Comparing Power Consumption: TGL to TGL

On the first page of this review, I covered that our Tiger Lake Reference Design offered three different power modes so that Intel’s customers could get an idea of performance they could expect to see if they built for the different sustained TDP options. The three modes offered to us were:

  • 15 W TDP (Base 1.8 GHz), no Adaptix
  • 28 W TDP (Base 3.0 GHz), no Adaptix
  • 28 W TDP (Base 3.0 GHz), Adaptix Enabled

Intel’s Adaptix is a suite of technologies that includes Dynamic Tuning 2.0, which implements DVFS feedback loops on top of supposedly AI-trained algorithms to help the system deliver power to the parts of the processor that need it most, such as CPU, GPU, interconnect, or accelerators. In reality, what we mostly see is that it reduces frequency in line with memory access stalls, keeping utilization high but reducing power, prolonging turbo modes.

Compute Workload

When we put these three modes onto a workload with a mix of heavy AVX-512 compute and memory accesses, the following is observed.

Note that due to time constraints this is the only test we ran with Adaptix enabled.

This is a fixed workload to calculate 2.5 billion digits of Pi, which takes around 170-250 seconds, and uses both AVX-512 and 11.2 GB of DRAM to execute. We can already draw conclusions.

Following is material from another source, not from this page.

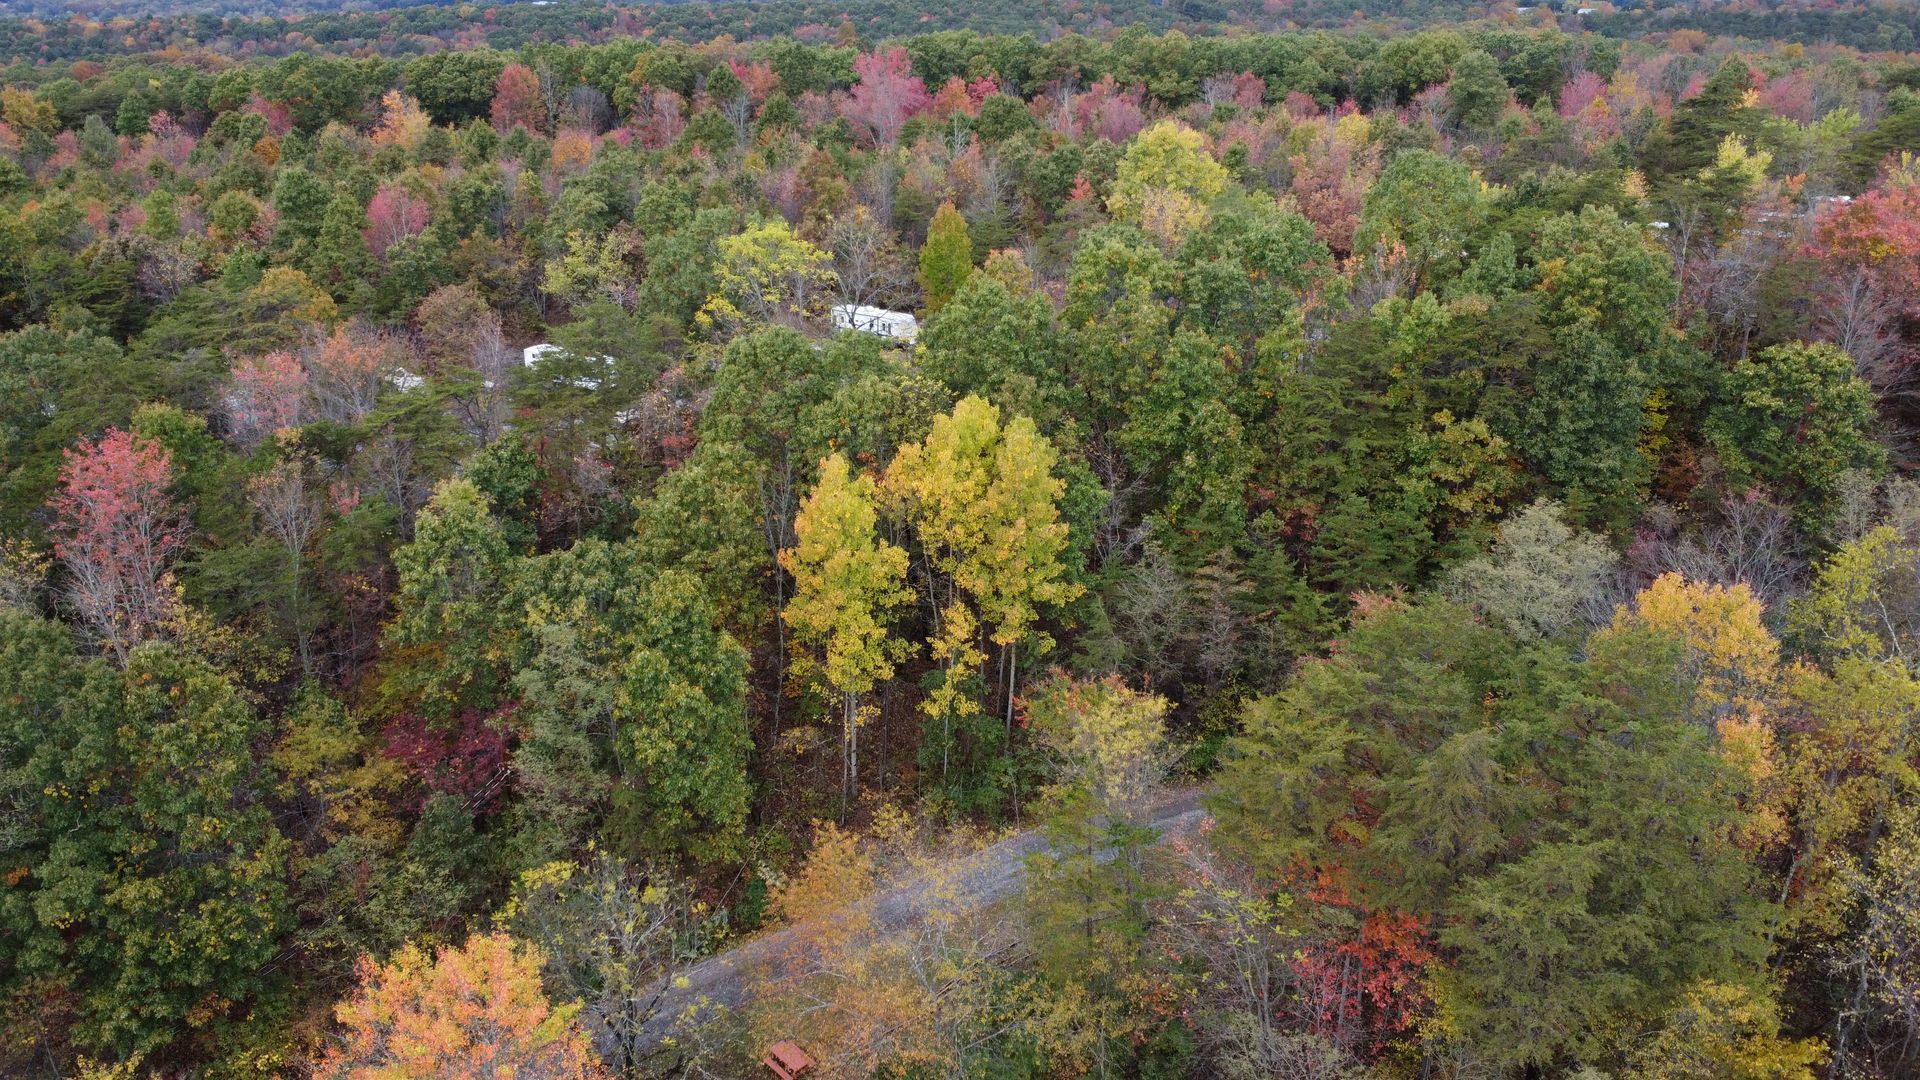 An aerial view of a forest with trees that are changing colors in the fall.

In all three power modes, the turbo mode power limit (PL2) is approximately the same at around 52 watts. As the system continues with turbo mode, the power consumed is decreased until the power budget is used up, and the 28 W mode has just over double the power budget of the 15 W mode.

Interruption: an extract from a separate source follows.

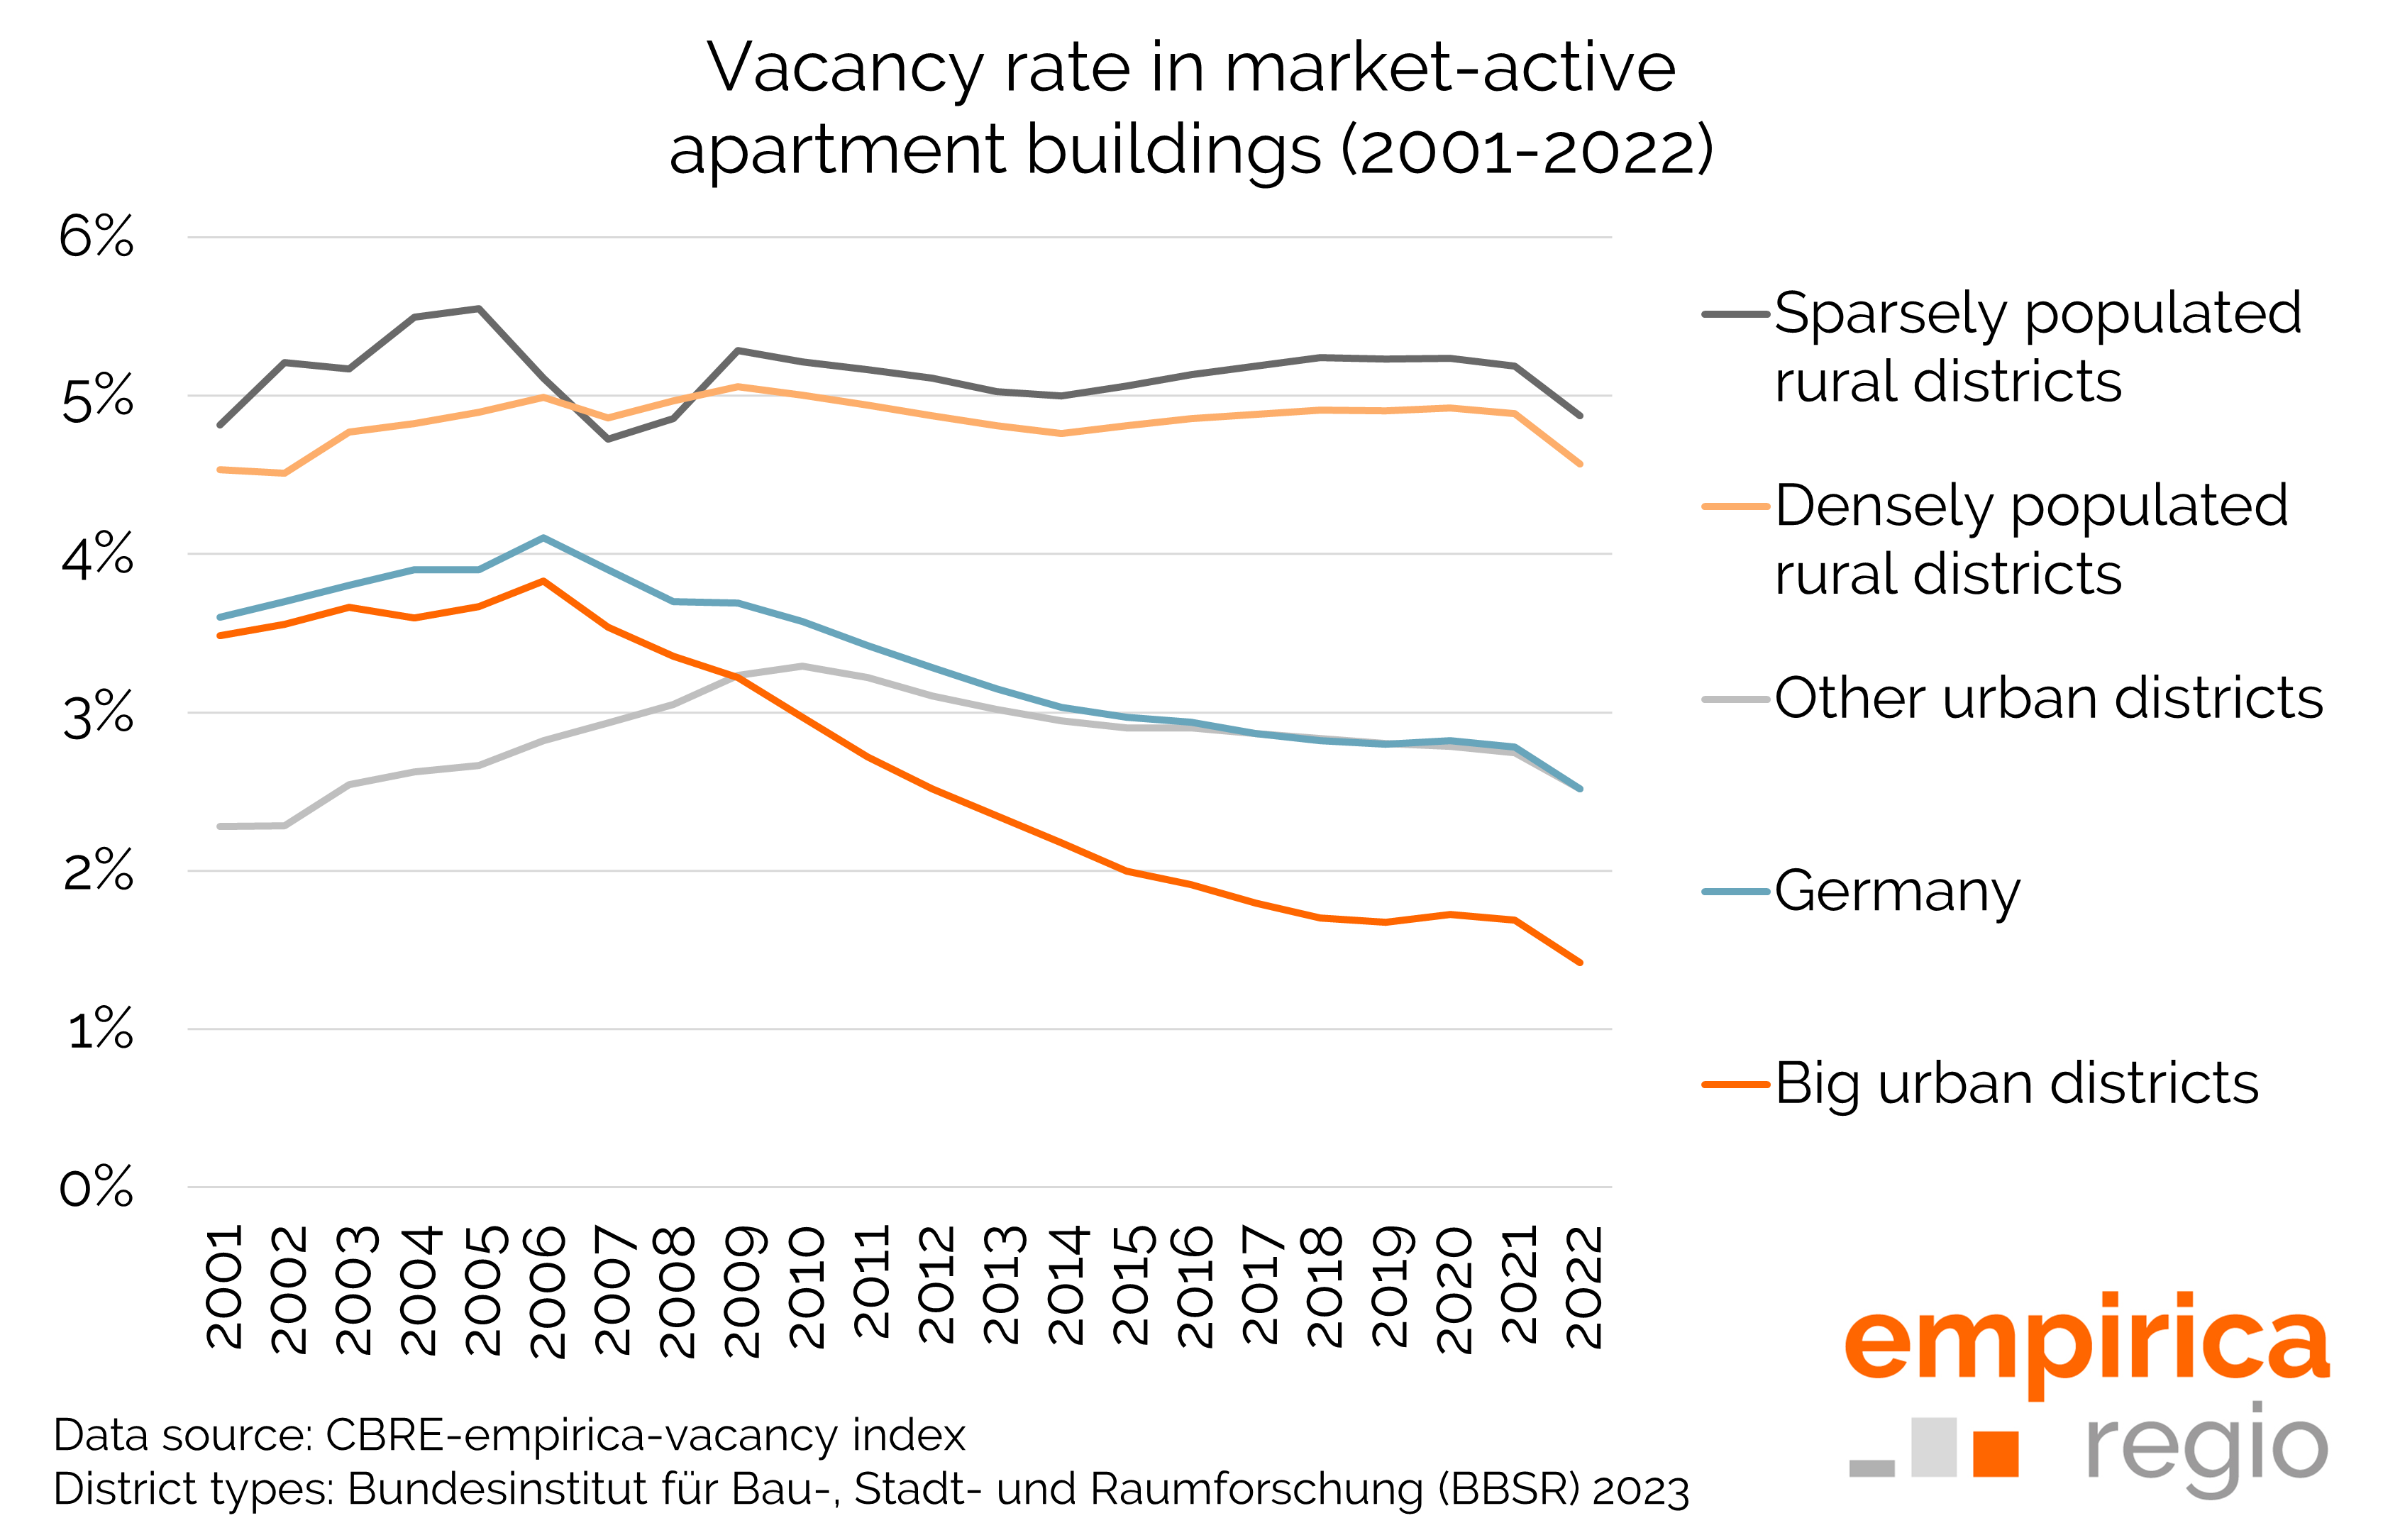 CBRE-empirica Vacancy Index for selected region types 2001 to 2023

Adaptix clearly works best like this, and although it initially follows the same downward trend as the regular 28 W mode, it levels out without hitting much of a ‘base’ frequency at all. Around about the 150 second mark (120 seconds into the test), there is a big enough drop followed by a flat-line which would probably indicate a thermally-derived sustained power mode, which occurs at 33 watts.

The overall time to complete this test was:

  • Core i7-1185G7 at 15 W: 243 seconds
  • Core i7-1185G7 at 28 W: 191 seconds
  • Core i7-1185G7 at 28 W Adaptix: 174 seconds

In this case moving from 15 W to 28 W gives a 27% speed-up, while Adaptix is a total 40% speed-up.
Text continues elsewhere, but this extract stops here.